One Step from Prediabetes to Diabetes: Hypothalamic Inflammation?

Dongsheng Cai 1,
PMCID: PMC3281529  PMID: 22355177

Type 2 diabetes (T2D) is a devastating disease that arises from prediabetic conditions including glucose intolerance, insulin resistance, hyperlipidemia, and obesity, which, together with a few others, collectively is termed metabolic syndrome. Due to the absence of severe hyperglycemia and its chronic complications, prediabetes offers an early therapeutic window to reverse glucose and insulin abnormalities to prevent the development of T2D. To this end, understanding the pathogenic mechanisms underlying the progression from prediabetes to diabetes represents an area of keen research. In this issue, Burgos-Ramos et al. (1) provide evidence demonstrating that the development of diabetes from prediabetes in a mouse model may involve a central nervous system mechanism in relation with hypothalamic inflammation (Fig. 1).

Fig. 1.

Fig. 1.

Hypothalamic inflammation links central insulin resistance to diabetes. Hypothalamic regulation of feeding, body weight, and glucose homeostasis is mediated by multiple signaling pathways including insulin singling. The hypothalamic insulin signaling cascade is directed by activation of insulin receptor, IRS proteins, and downstream phosphatidylinositol-3-OH kinase (PI3K), which control AKT and FOXO to regulate gene expression of neuropeptides such as proopiomelanocortin (POMC) and neuropeptide Y (NPY). In IRS2-deficient mice, some of them can develop diabetes, but others present only prediabetic syndrome, likely due to the differential compensatory effects by IRS1. The compromised compensation of hypothalamic IRS1 signaling in diabetic IRS2-deficient mice is related to the certain pattern and perhaps increased magnitude of hypothalamic inflammation. Such hypothalamic changes in IRS2-deficient mice align with recent literature showing the central mechanisms of obesity and T2D involve IκB kinase β (IKKβ)/NF-κB- and JNK-mediated hypothalamic inflammation, a central pathogenic event caused by overnutrition-induced endoplasmic reticulum (ER) stress, oxidative stress, autophagy defects, and cytokine activation. AA, Amino acids; AP1, activator protein-1; FFA, free fatty acid; FOXO, forkhead box O; PIP2, phosphatidylinositol 4,5-bisphosphate; PTEN, phosphate and tensin homolog.
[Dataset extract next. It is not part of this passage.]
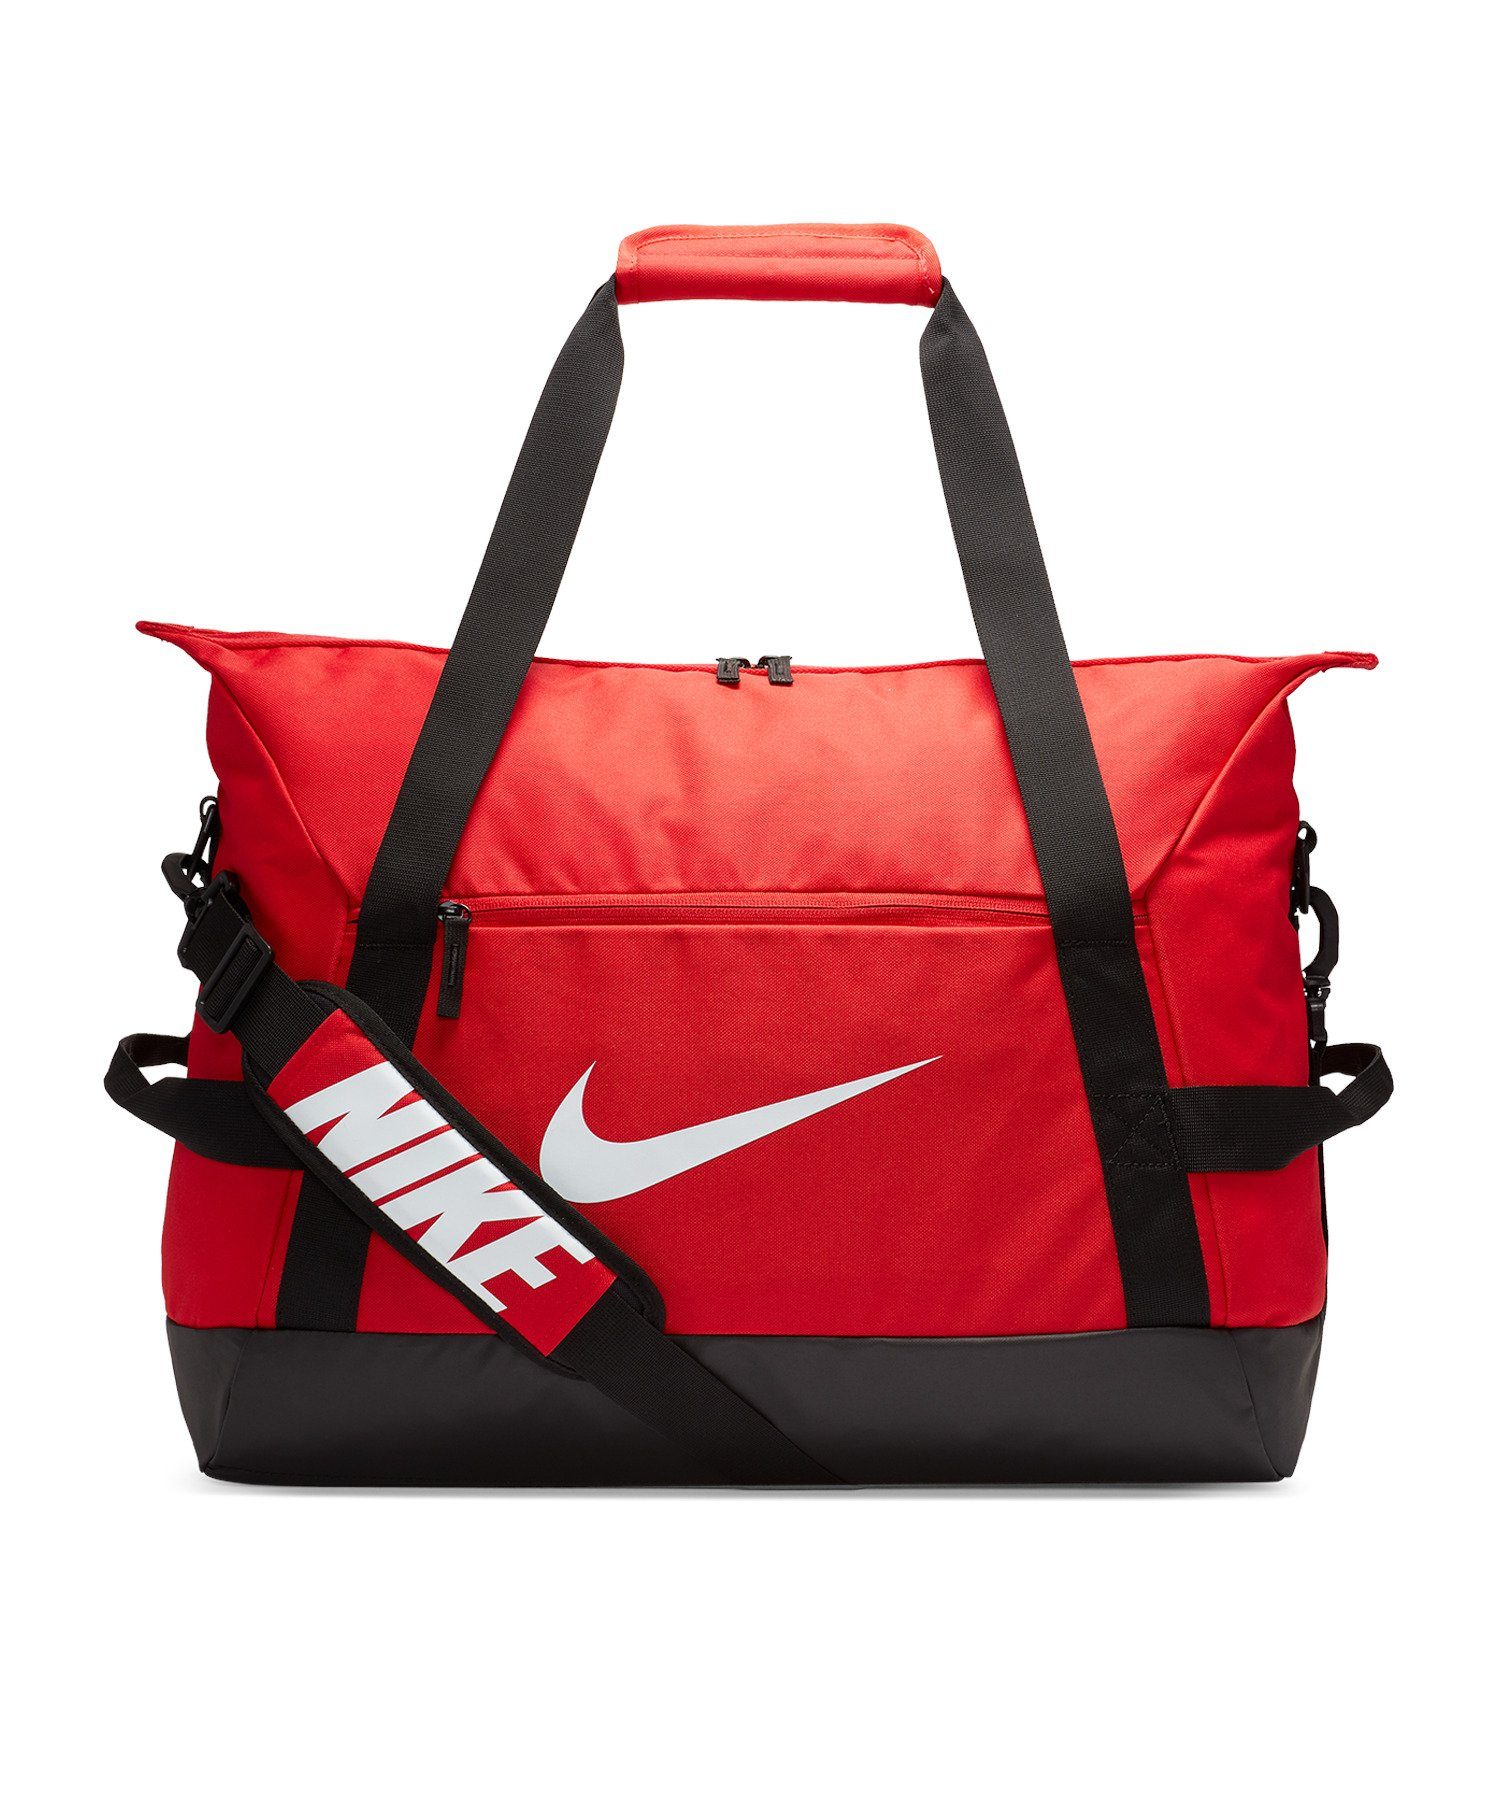 Nike Taschen online kaufen | OTTO

This study from Burgos-Ramos et al. (1) was based on mice that are genetically deficient of insulin receptor substrate 2 (IRS2), an animal model that resembles T2D (2, 3). IRS proteins are intracellular docking molecules that bind to activated insulin receptors in response to insulin and undergo rapid activation through tyrosine phosphorylation by insulin receptors. Activated IRS proteins bind SH2 domain-containing proteins such as phosphatidylinositol-3-OH kinase to relay intracellular signaling of insulin stimulation. IRS2 protein was originally cloned based on sequence resemblance to IRS1 (4). IRS2 is widely expressed throughout the body including the arcuate nucleus and paraventricular nucleus of the hypothalamus (5), two critical hypothalamic regions that regulate whole-body energy and glucose homeostasis (612). IRS2 was found to play nonredundant roles with IRS1 in regulating peripheral glucose metabolism, β-cell function, and energy homeostasis (2, 3, 5, 13). IRS2-deficient mice often develop diabetic symptoms including hyperglycemia and β-cell dysfunction (2, 3, 5, 13). Interestingly, magnitude of glucose disorders in IRS2-deficient mice can be variable, with certain congenic strains only presenting prediabetic changes (14). This phenotypic divergence can offer an experimental tool to study pathogenic factors that may differentially modulate central insulin signaling pathway leading to two different outcomes: prediabetes or overt diabetes.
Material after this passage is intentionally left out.